How does one get a bootstrap 95CI and p-value for the difference in two proportions, particularly in multilevel data? I have dataset where eyes are nested within subjects. I want to show that the proportion of var1 is significantly different from the proportion of var2, and since the data is multilevel I'm assuming bootstrap 95CI and p value would be the way to address this?

@NickHuntingtonKlein 4 жыл бұрын

For multilevel data you generally want to do bootstrap sampling by cluster. Once you do that, just store all the ratio estimates from all the bootstrap iterations. The 2.5th and 97.5th percentiles of the estimates are your confidence interval.

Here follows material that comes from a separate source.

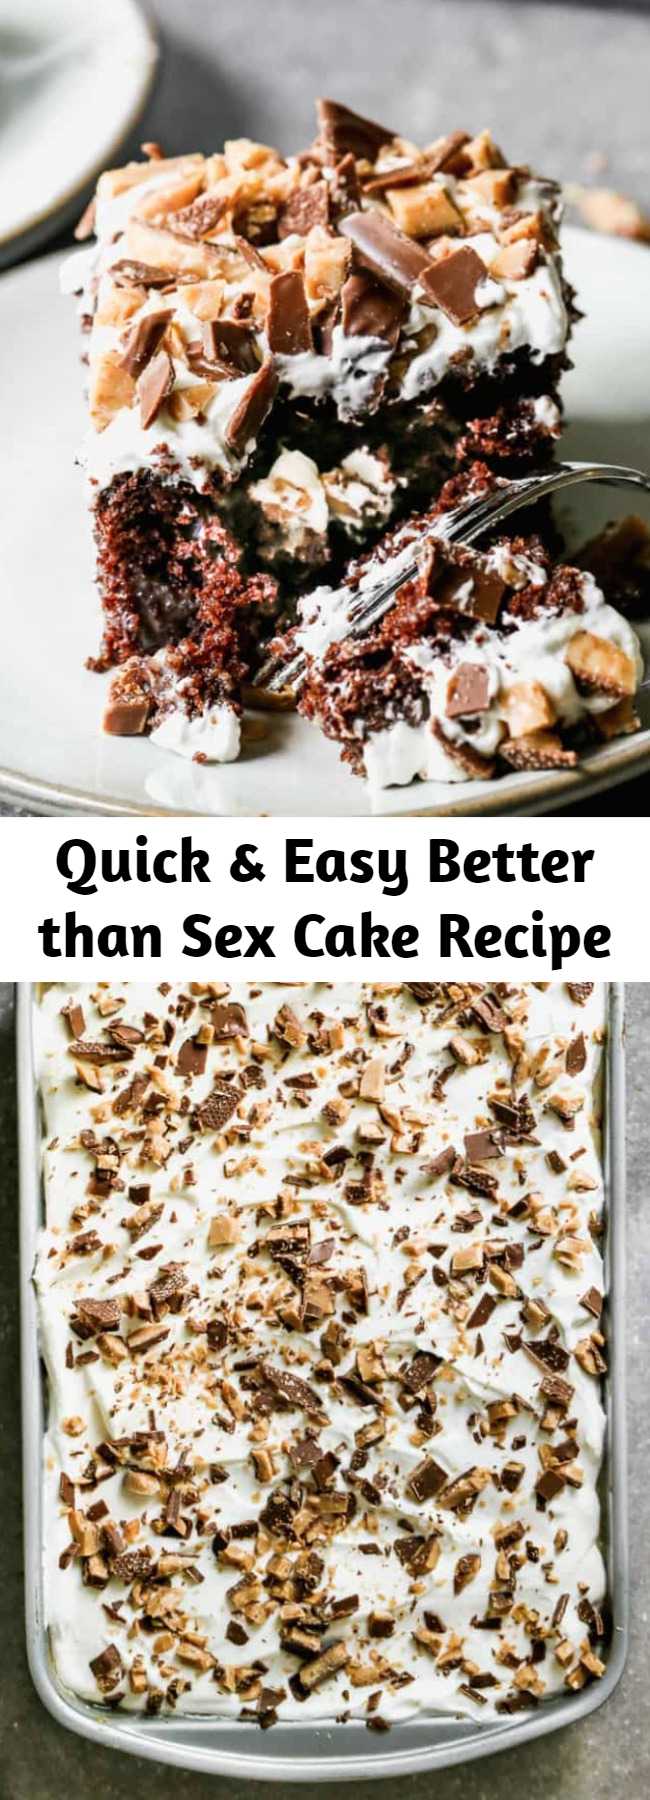 Quick & Easy Better than Sex Cake Recipe - Better than Sex Cake made with chocolate cake soaked in homemade caramel sauce and topped with fresh whipped cream. Whether or not you think it lives up to it’s name, it’s always a crowd favorite!

@ataliethompson6725 4 жыл бұрын

@@NickHuntingtonKlein How does one bootstrap for the difference in two proportions (as opposed to a mean)?

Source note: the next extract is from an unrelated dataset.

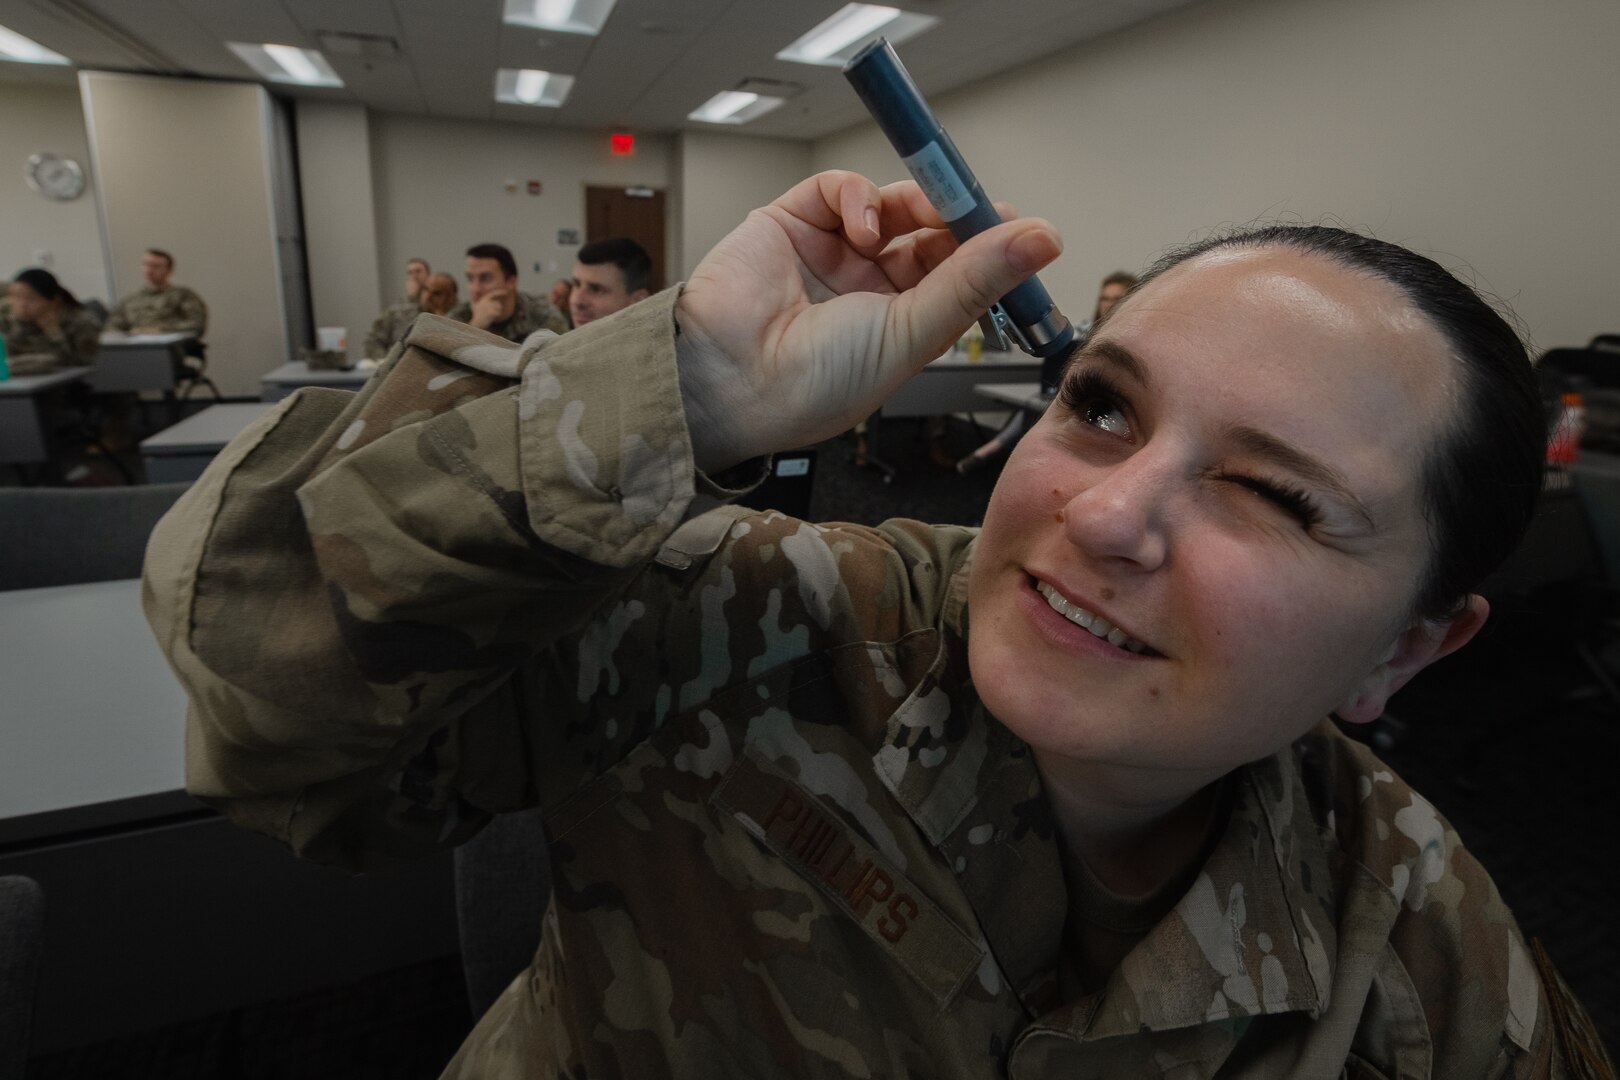 U.S. Air Force Senior Airman Samantha Phillips, 1st Special Operations Medical Readiness Squadron bioenvironmental engineering technician, Hurlburt Field, Florida, inspects a probe device used for radiation detection at MacDill Air Force Base, Florida, Dec. 7, 2022.

@NickHuntingtonKlein 4 жыл бұрын

@@ataliethompson6725 that's the beauty of bootstrap - just calculate whatever it is you want to calculate in each of the bootstrap samples. So calculate the difference in proportions

@andreab2114 4 жыл бұрын

What if I have missing values or a multiply imputed dataset ?

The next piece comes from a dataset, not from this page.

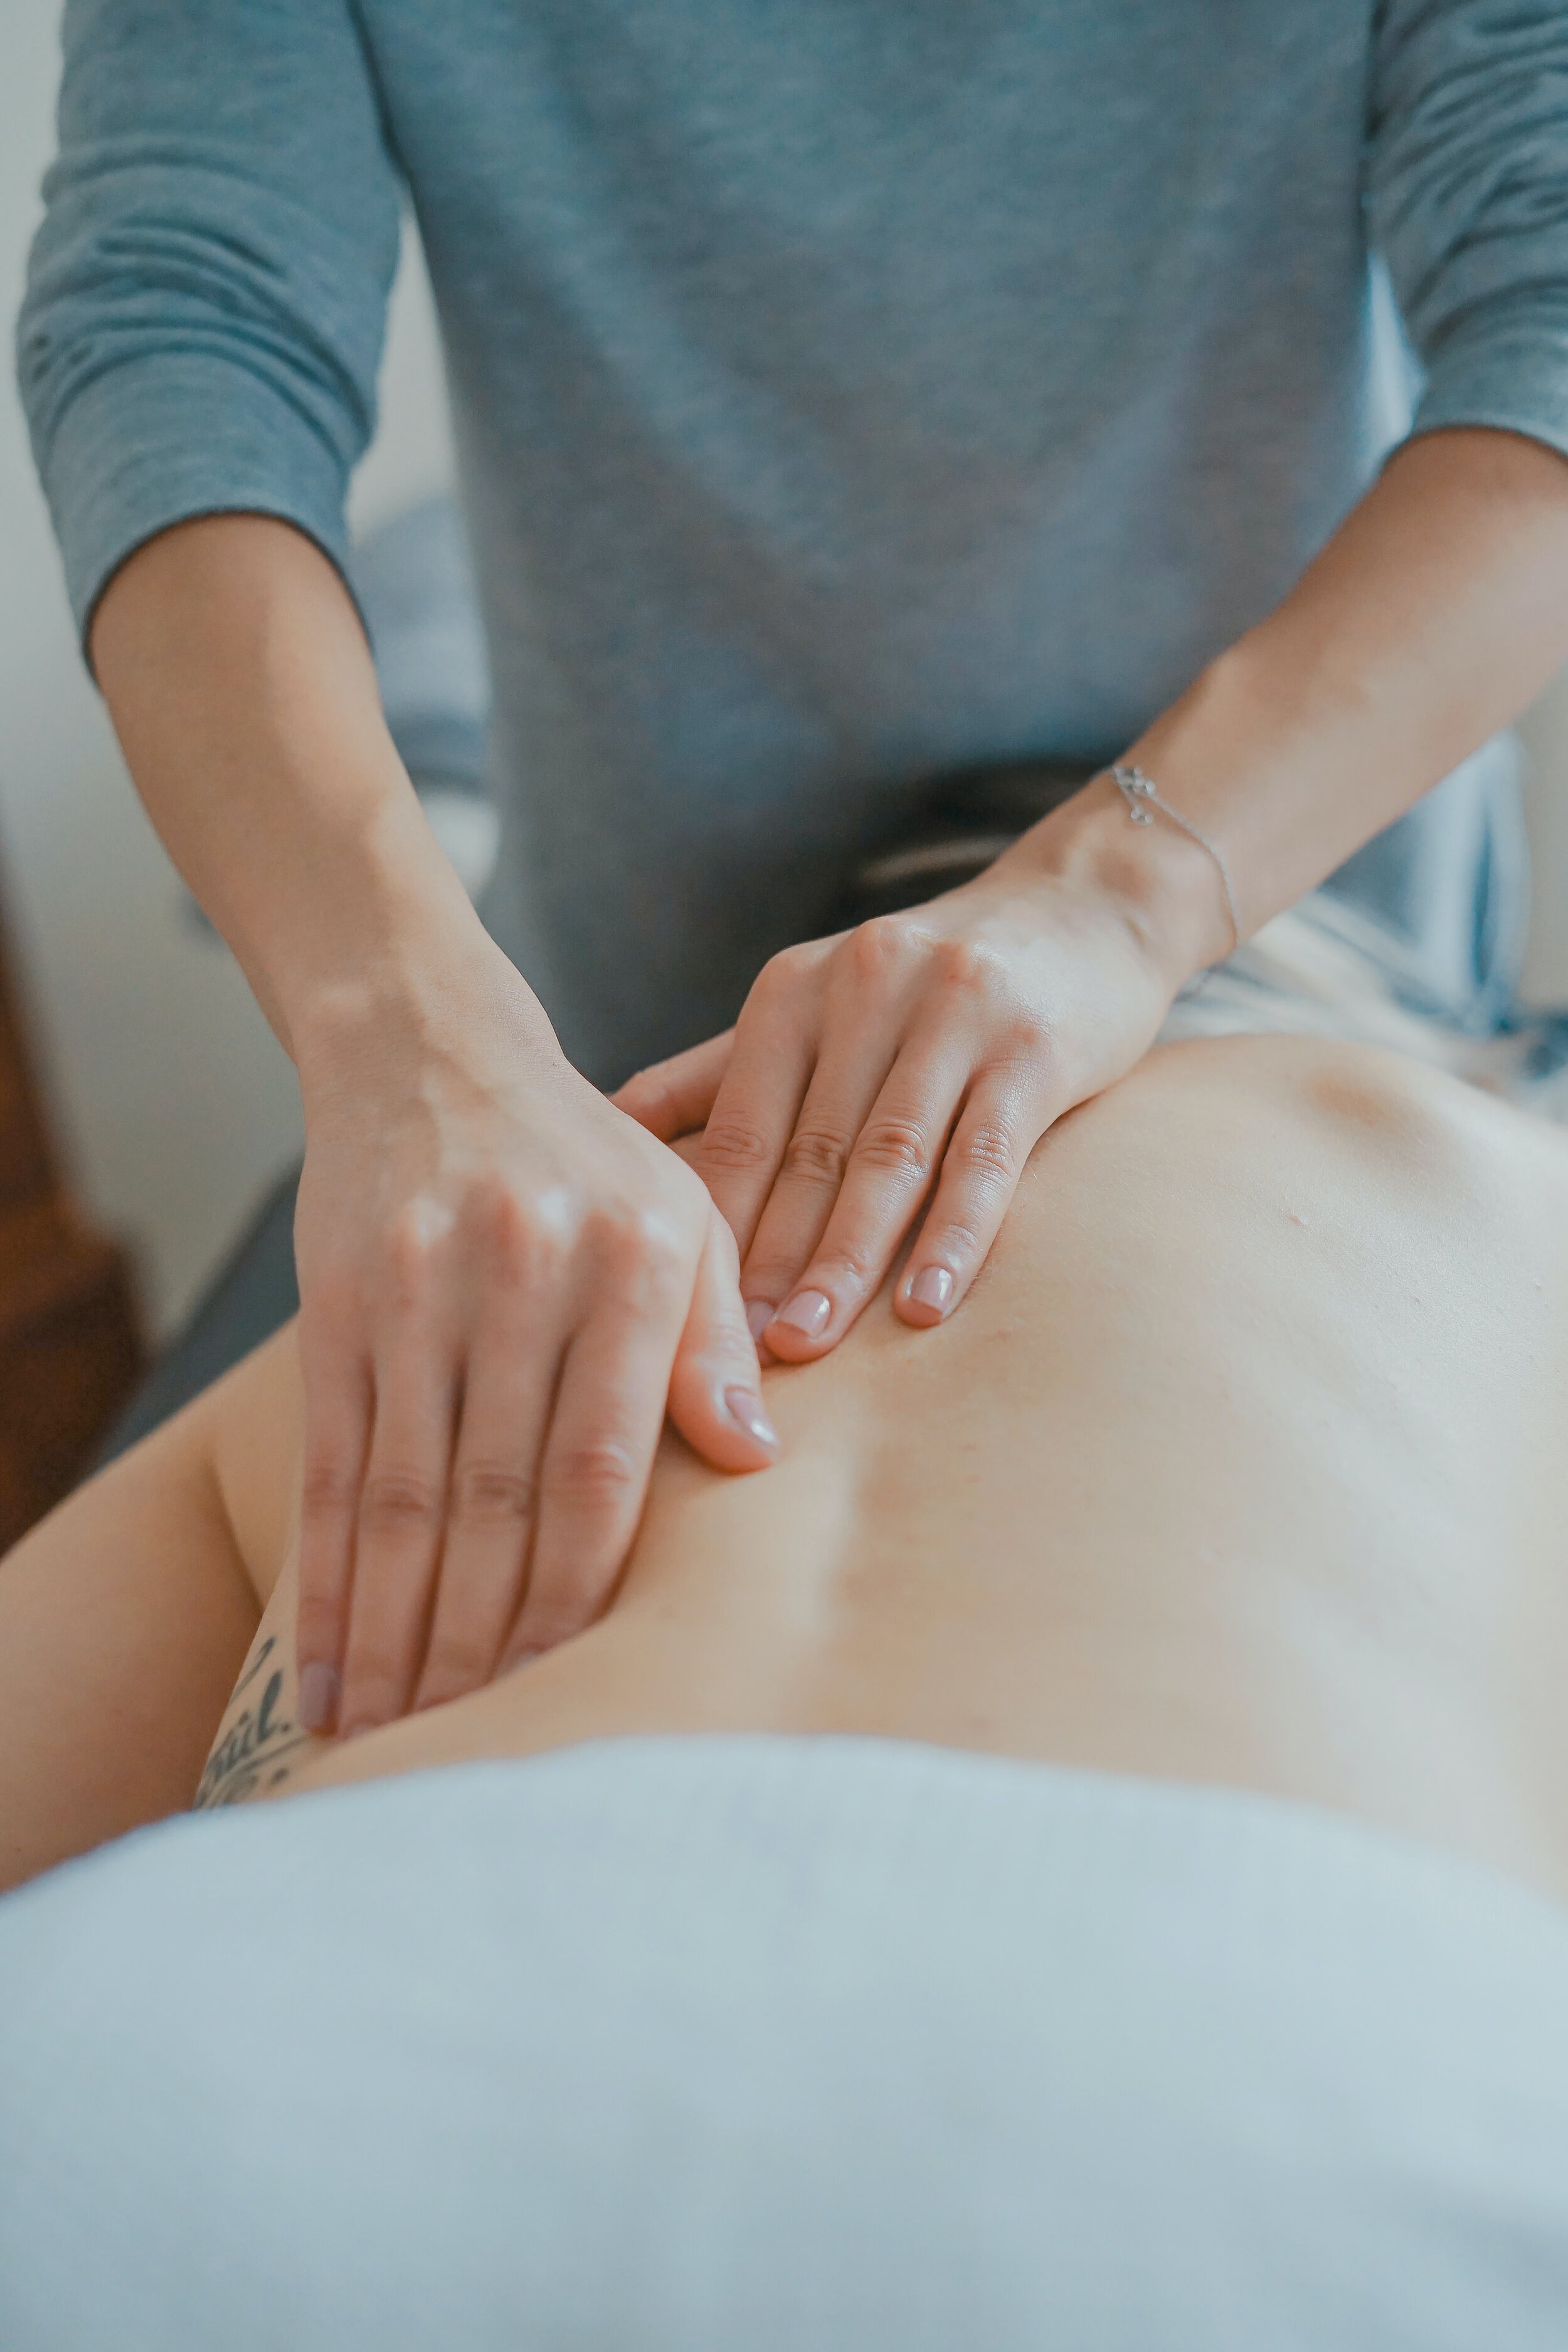 Can massage therapy help improve your health?

@NickHuntingtonKlein 4 жыл бұрын

Missing values you just keep using as normal. For multiple imputation you could bootstrap each imputation separately. There might even be a special MI bootstrap in stata 16, I'm not sure, they added a bunch of MI stufd

@user-cr7hy7sr7s 3 жыл бұрын

Thank you so much for your wonderful video! I just registered this channel as my favorite. Thanks. I'm wondering if I could use this in the regression command. In each loop, I opened the original dataset, ran the regression command and obtained the coefficient. Then I aggregated the results of each resampling. (I mean I calculated the mean and sd of the coefficient.) Am I right?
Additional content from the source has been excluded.